DIRECTIONS: Starting with the line below that holds "Super Junior - Sexy, Free & Single (B Ver.)" and stopping after the line that holds "Tom ford black satin bow tie #7", transcribe the lines exactly, leaving out all pictures.
SUPPLIED DATA START
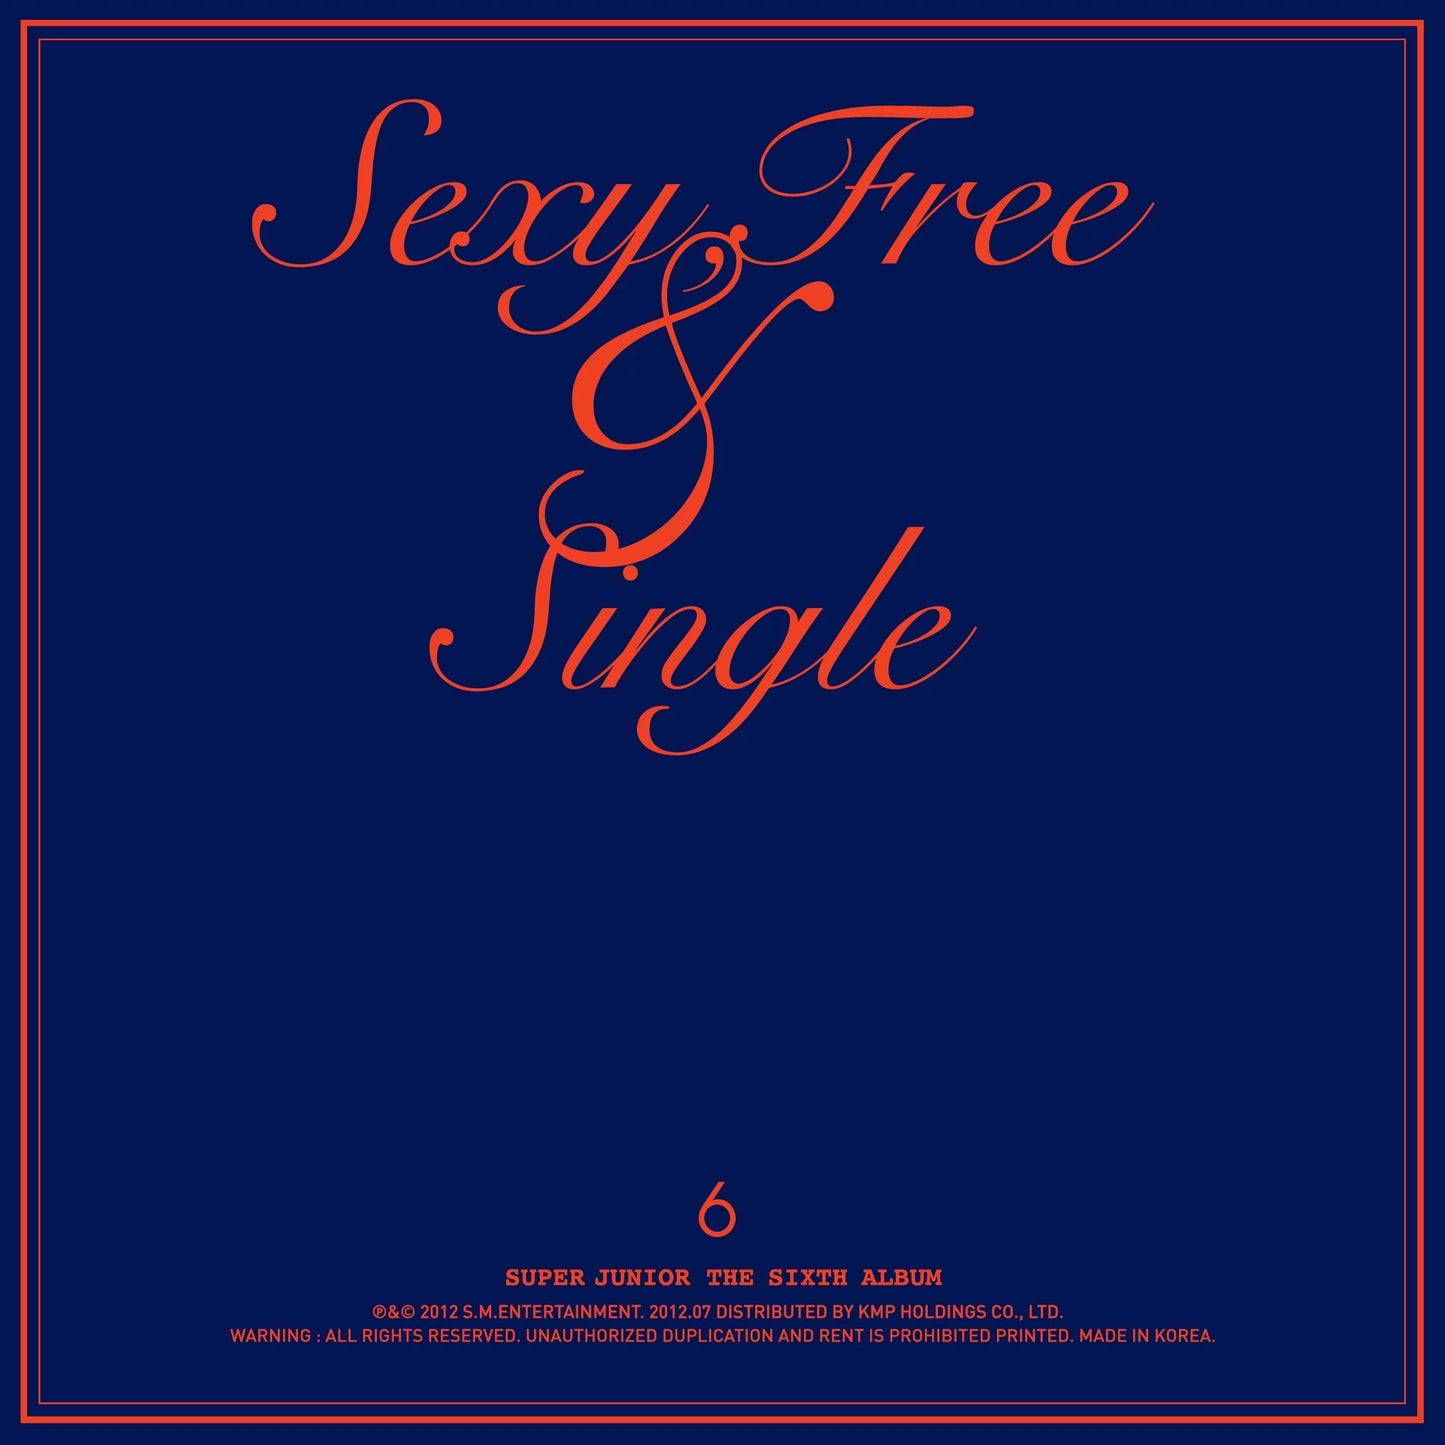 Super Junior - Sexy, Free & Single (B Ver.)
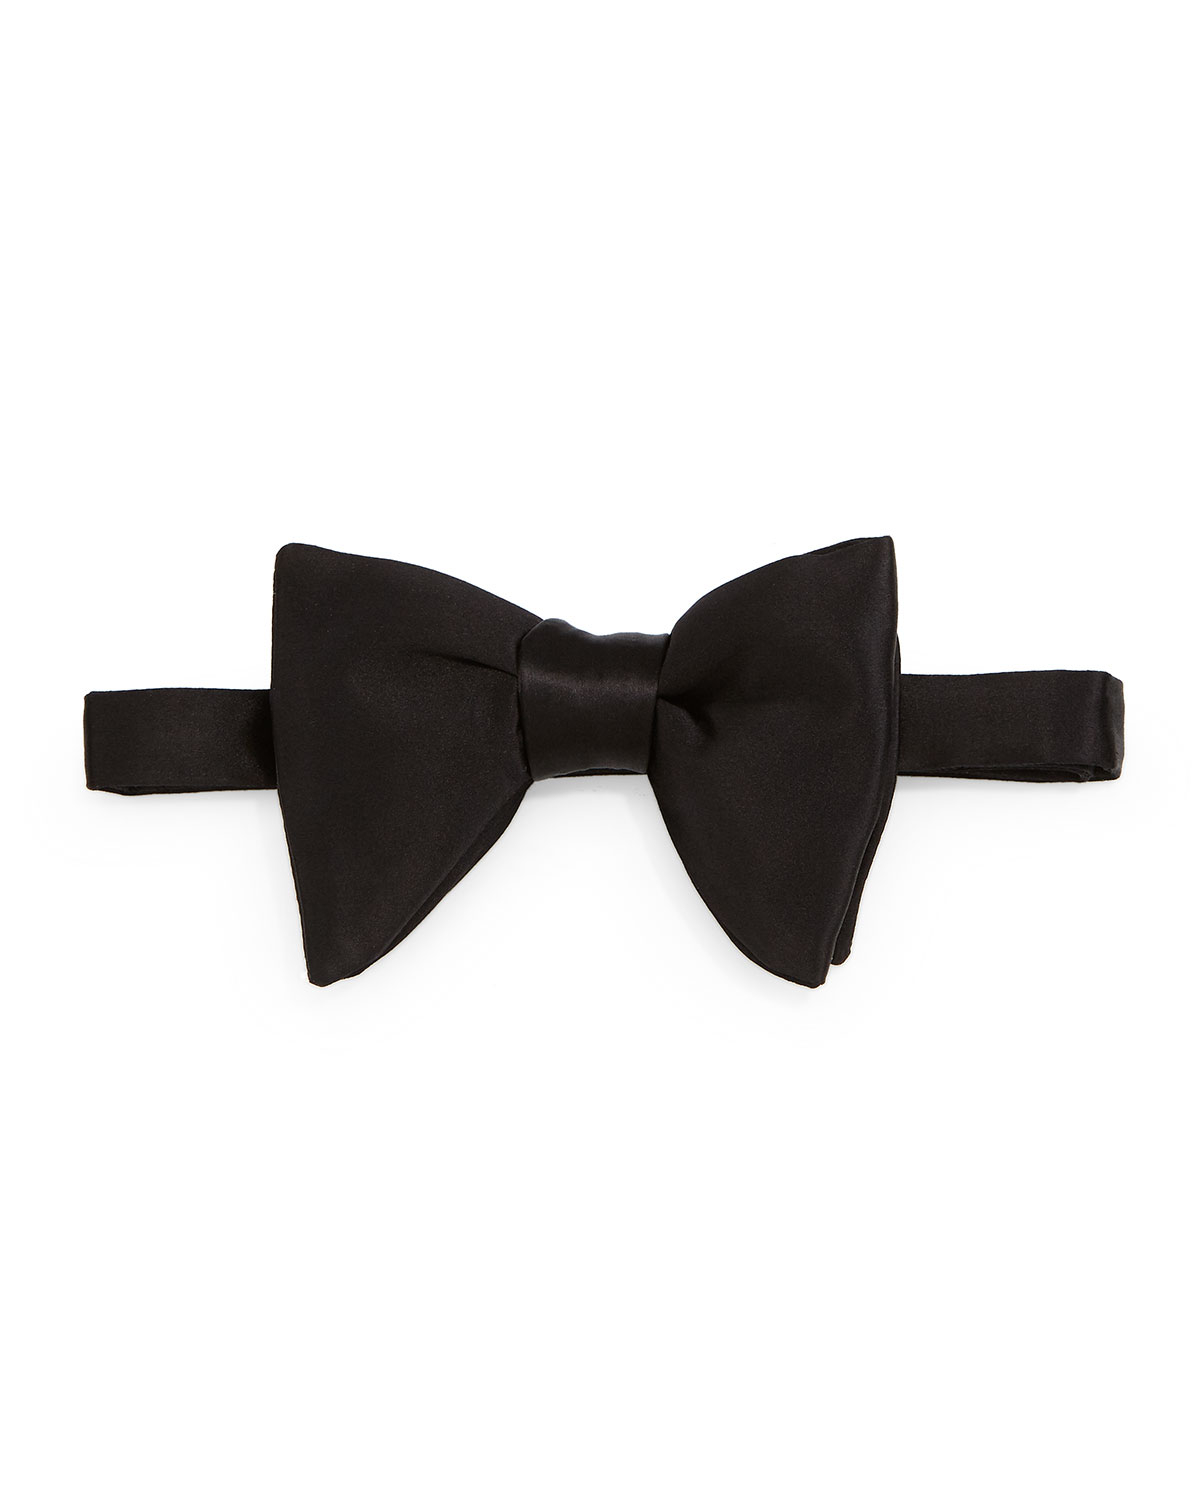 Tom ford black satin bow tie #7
SUPPLIED DATA END
SUPPLIED DATA START
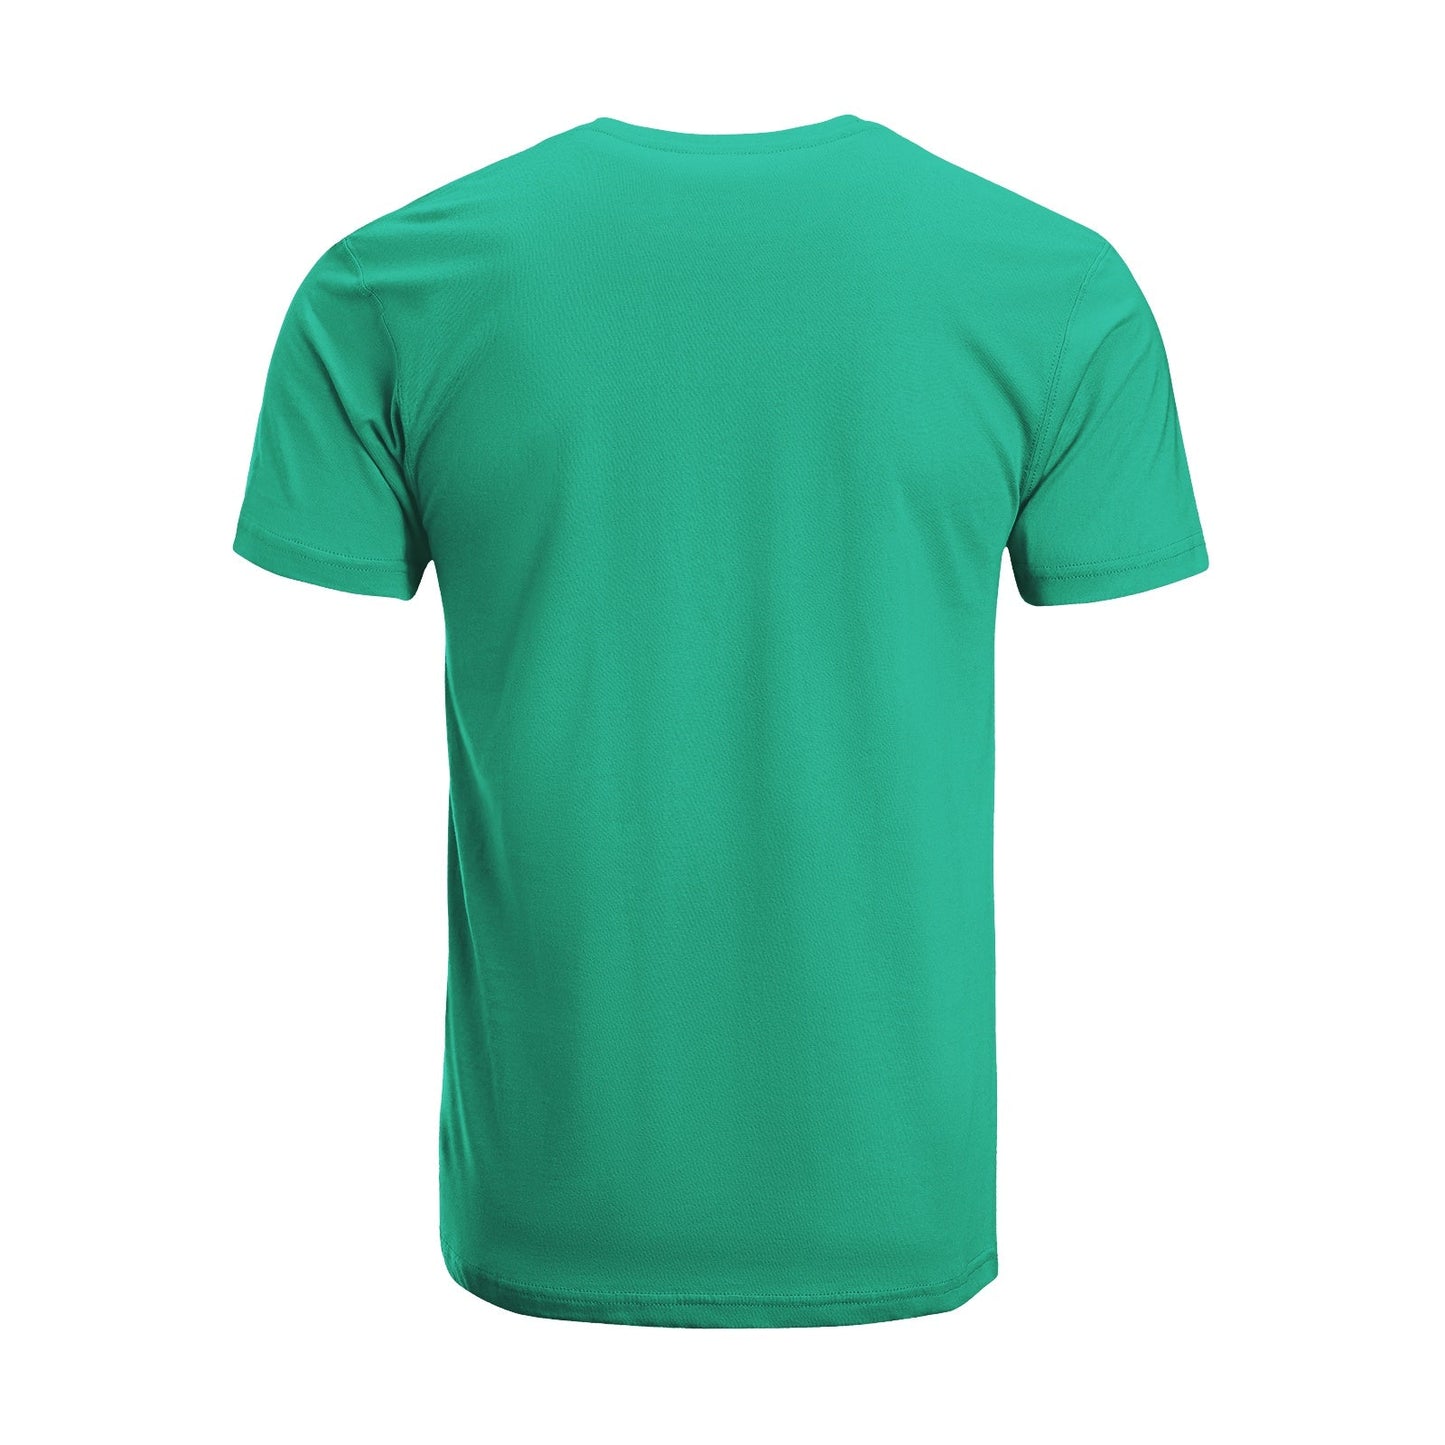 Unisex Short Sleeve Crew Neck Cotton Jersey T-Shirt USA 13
SUPPLIED DATA END
RESULT FOR THIS EXERCISE:
 Super Junior - Sexy, Free & Single (B Ver.)
 Tom ford black satin bow tie #7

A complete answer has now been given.